◆ **REQUIRED ACTION**
Exact copy, no pictures: return only the lines below from the line with "Лиза Моряк и" up to and including the line with "Фото: Инстаграм (запрещен в РФ)".

◆ **INFORMATION GIVEN**

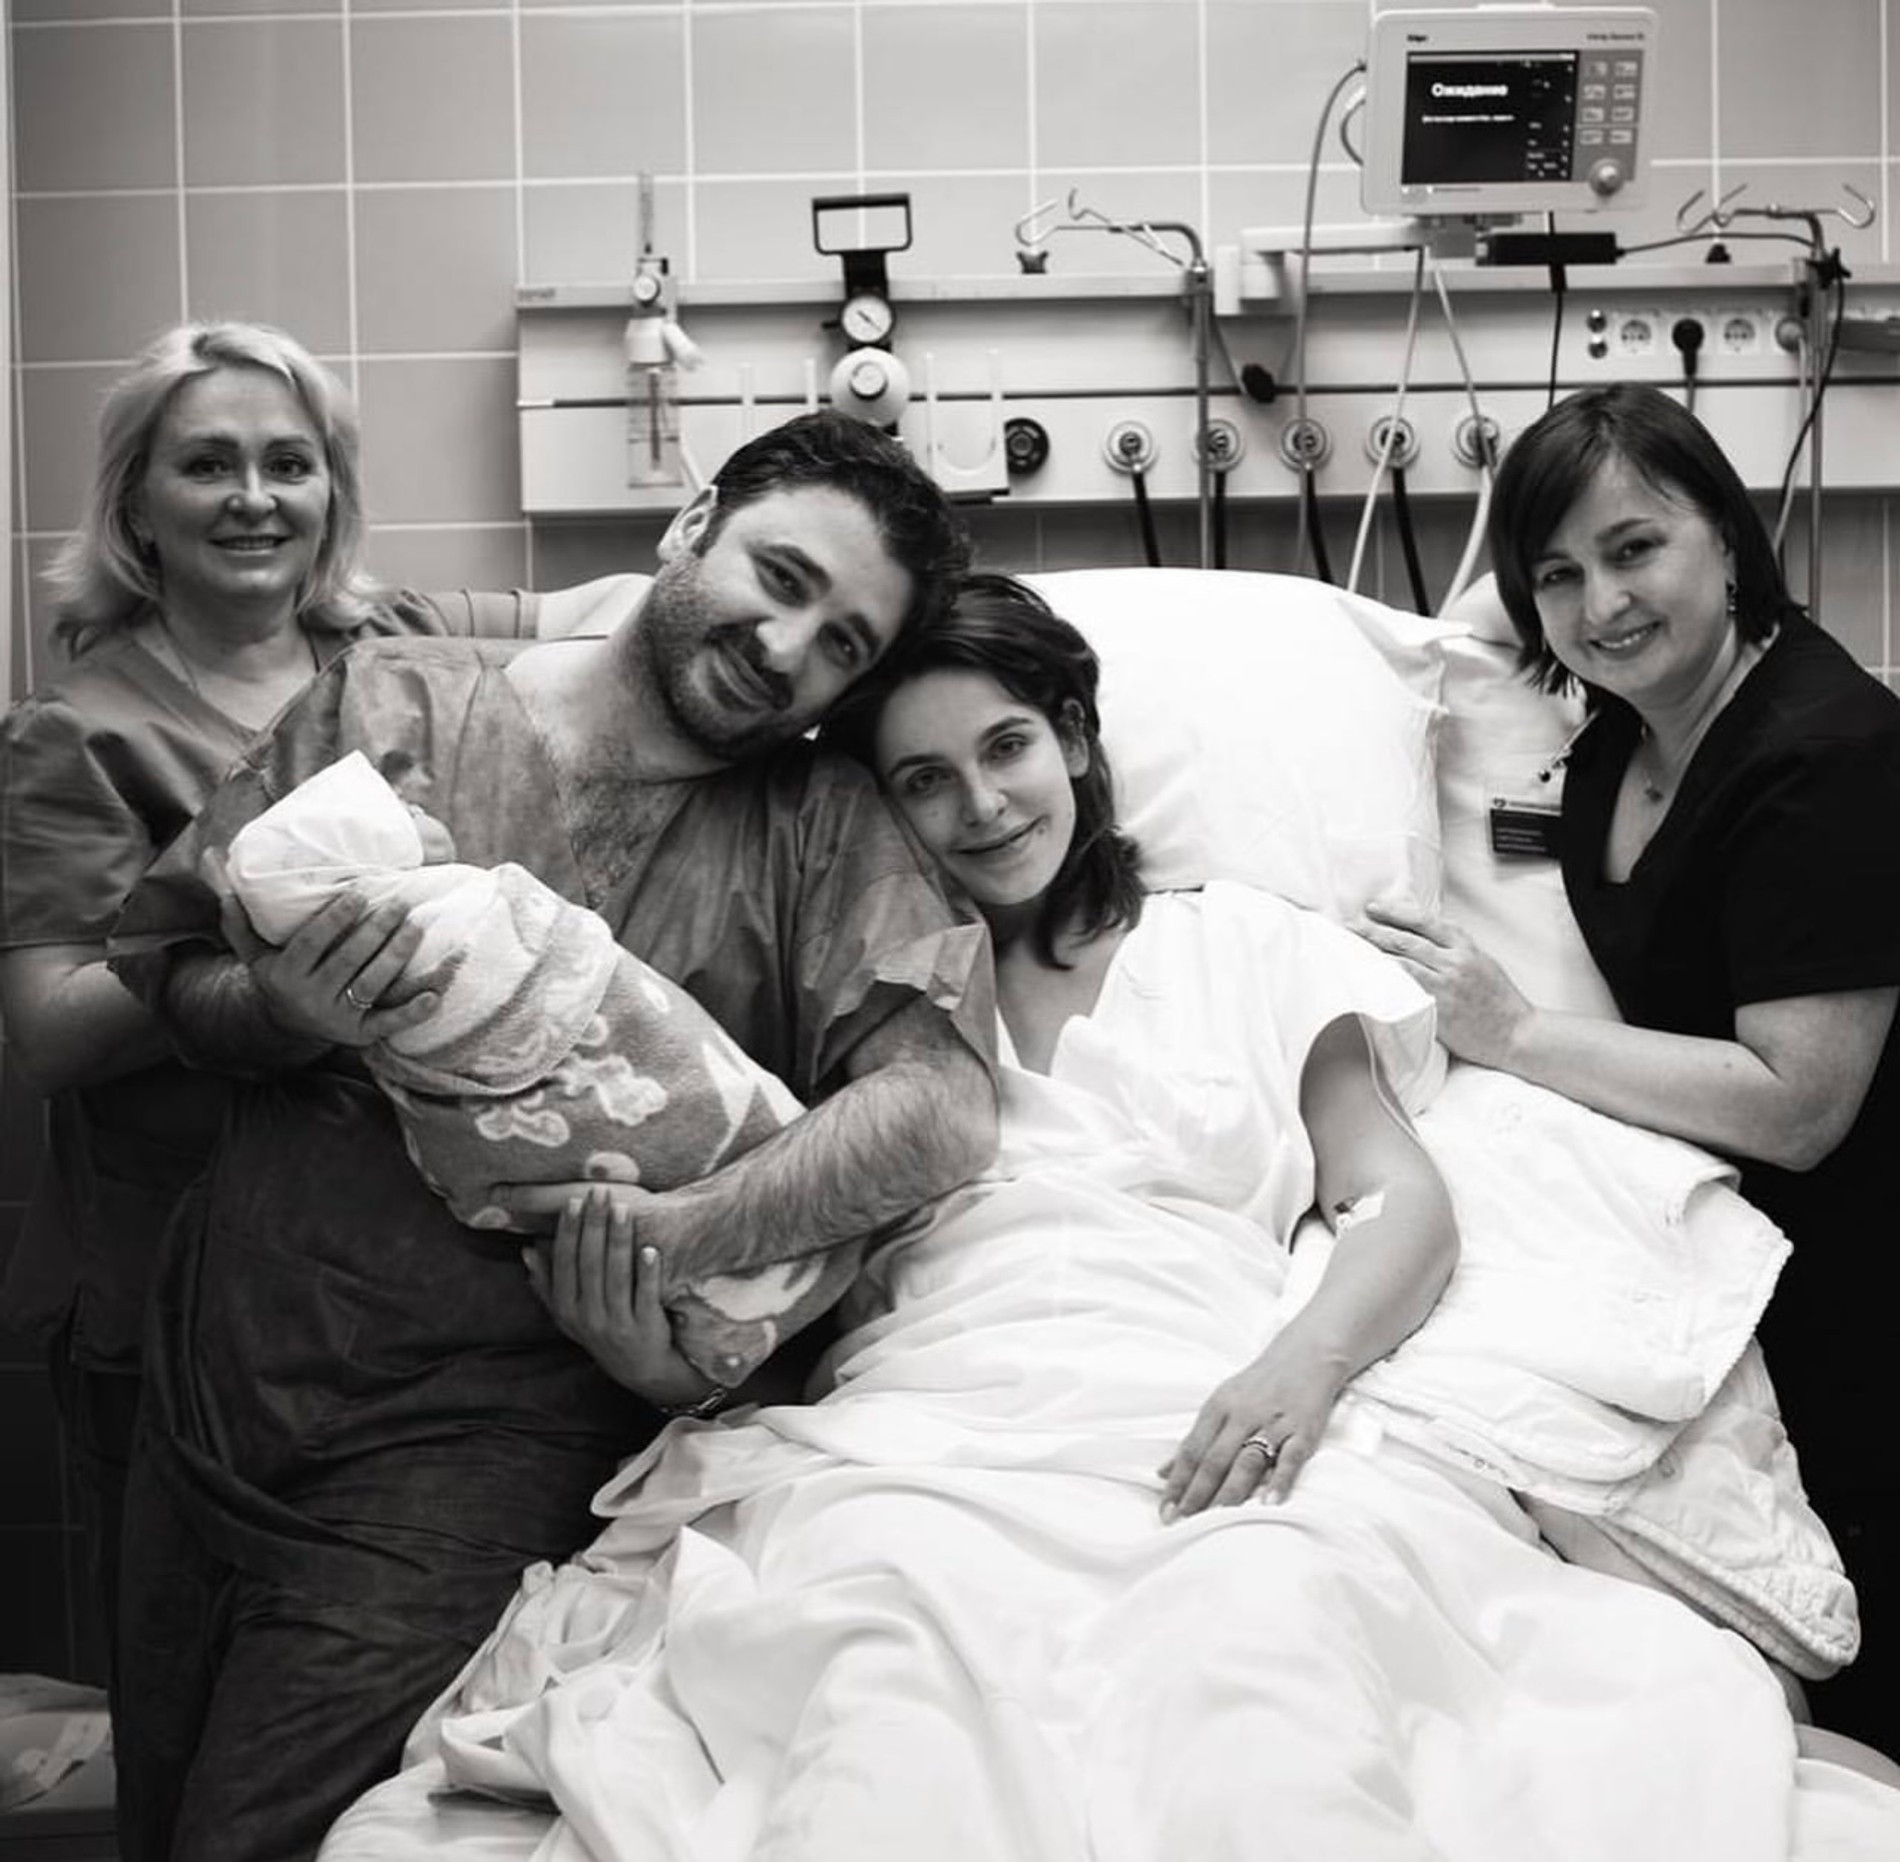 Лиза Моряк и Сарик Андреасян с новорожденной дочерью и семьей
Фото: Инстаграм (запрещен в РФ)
* * *
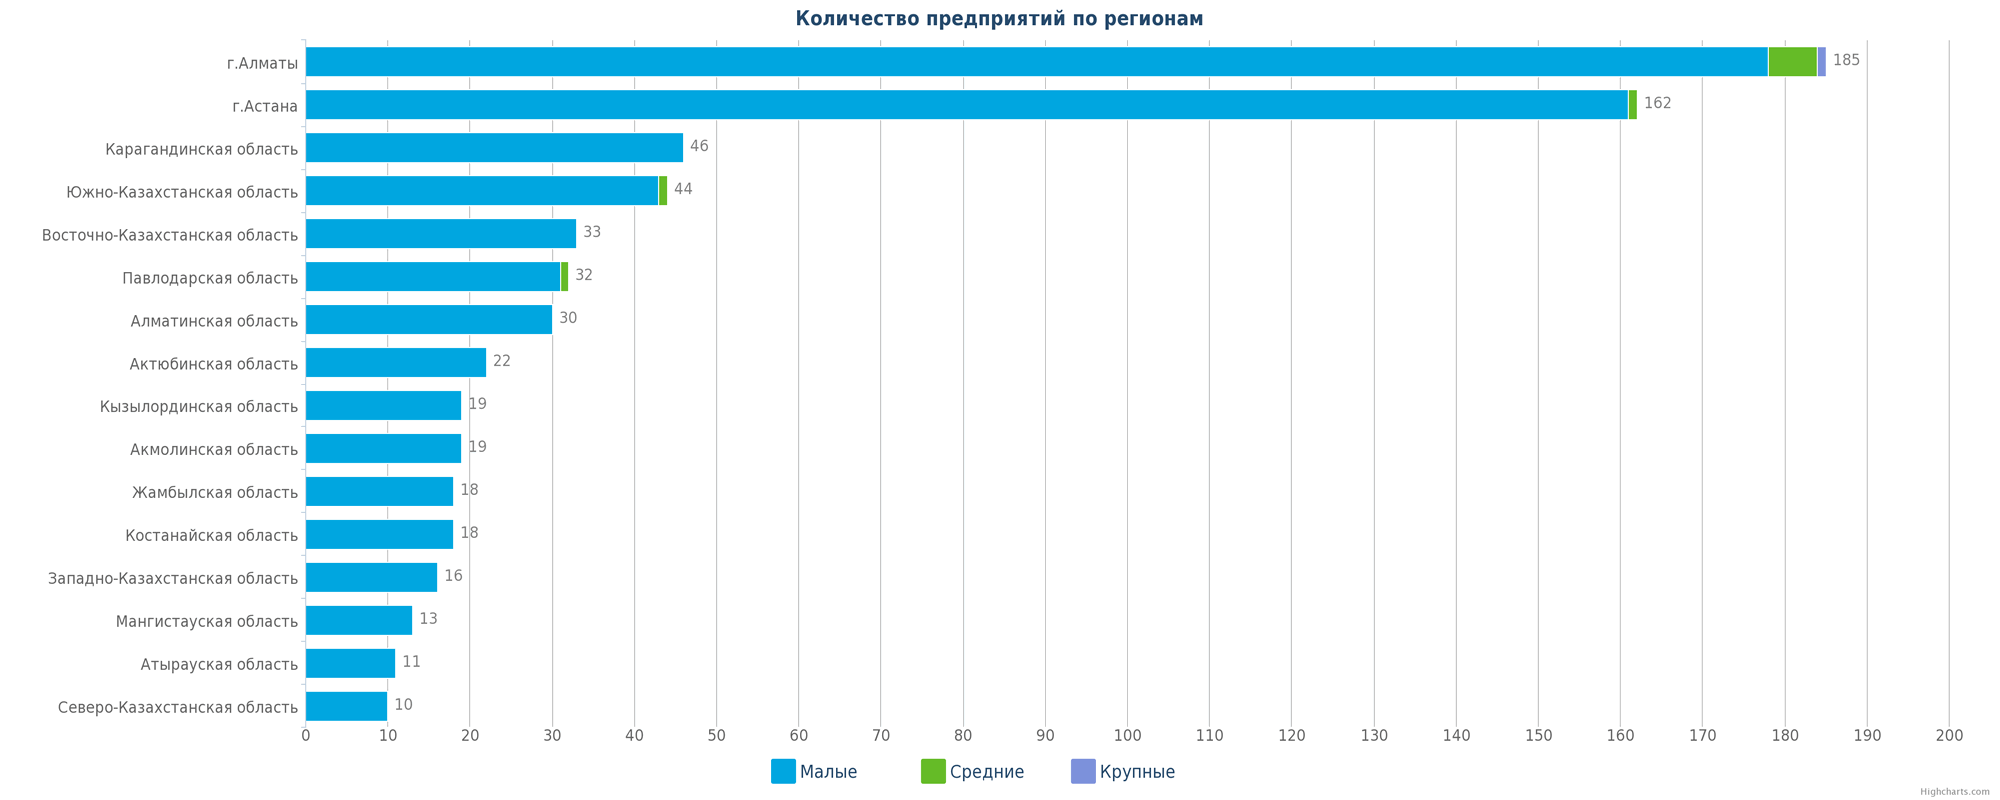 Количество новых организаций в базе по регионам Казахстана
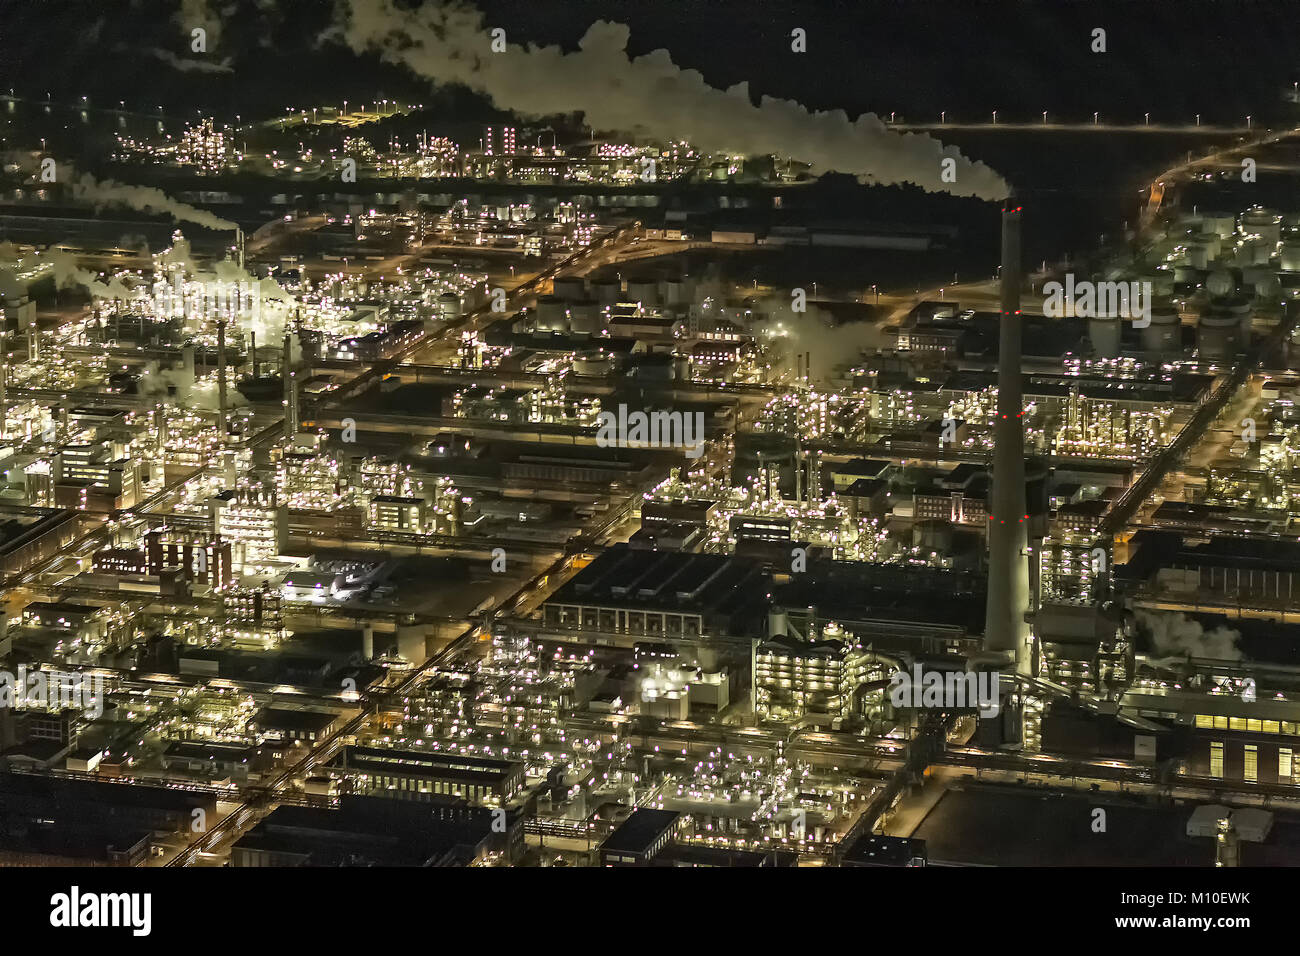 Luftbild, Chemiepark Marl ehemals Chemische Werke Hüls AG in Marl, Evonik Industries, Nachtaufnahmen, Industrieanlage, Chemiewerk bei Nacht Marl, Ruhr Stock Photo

◆ **RESPONSE**
 Лиза Моряк и Сарик Андреасян с новорожденной дочерью и семьей
Фото: Инстаграм (запрещен в РФ)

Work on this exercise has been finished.